On a lighter note, I had a much more positive experience with Sisterhood Everlasting by Ann Brashares. I was a bit older when I read the Sisterhood of the Traveling Pants books, so they don’t feel as much like part of my childhood as Sweet Valley High does. At first, I didn’t care for this book, either. The girls are now 29 and living separate lives, Carmen an actress in New York, Lena and art instructor in Providence, Bridget temping in San Francisco, and Tibby off in Australia doing who knows what with boyfriend Brain, who is launching a software company. Since Tibby moved across the world, she’s been mysteriously out of touch, until she sends the other girls plane tickets to Greece for a surprise reunion. Sadly, the girls never see Tibby alive. She drowns before they arrive. At first, her death seems accidental, but it turns out she has left letters behind for each girl, as if she was planning her death. The girls fear the worst – that Tibby meant to die, and that they all failed her by not being there for her. They also feel abandoned and confused and begin to question whether the sisterhood they shared ever meant anything.

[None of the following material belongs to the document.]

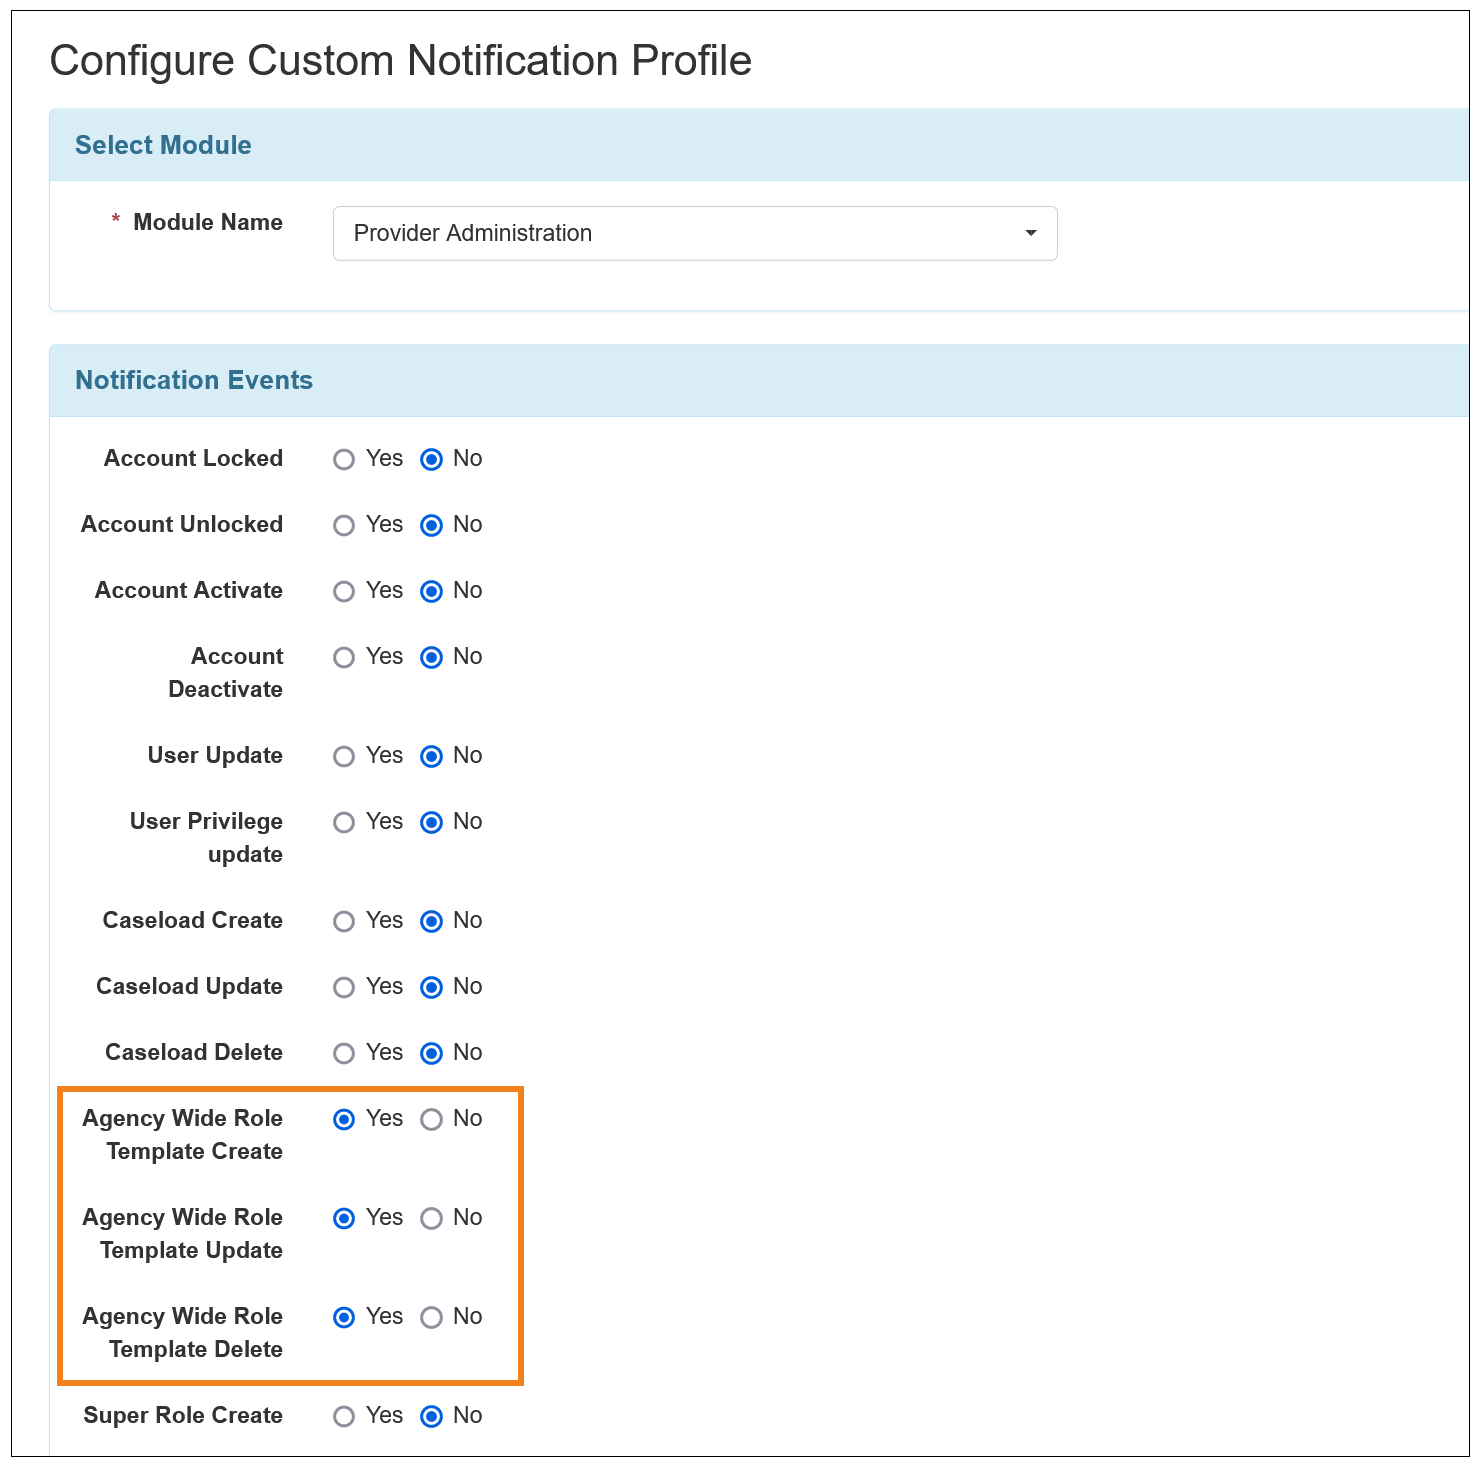 Screenshot showing the Configure Custom Notification Profile page

At first I was just as confused as Carmen, Lena, and Bridget. I was upset over Tibby’s death, especially since we don’t get to see her point of view at all. I couldn’t imagine Tibby taking her own life and was hoping her drowning really was an accident and there was something else going on, like she was terminally ill with cancer. It turns out I was partly right. Tibby was dying of Huntington’s disease and had brought her friends to Greece to say goodbye. As upsetting as it was  to say goodbye to a beloved character, I found Tibby’s letters helped the three remaining sisters find their way back to each other and figure out what is important in life. For Carmen, it was dumping her jerk of a fiancé and remembering to be proud of her Puerto Rican heritage. For Lena, it was learning how to take risks, and finally finding love with Kostos. For Bridget, it meant figuring out what to do with her life rather than spend it ambling restlessly from one place to the next. Although I found the pacing rather slow in parts, overall I was satisfied with the ending. I thought Sisterhood Everlasting remained true to the spirit of the original Traveling Pants books and I admit to fighting tears a few times. I also liked the resolution to the Lena/Kostos romantic plot, which was a long time coming.  Overall, a touching and enjoyable read.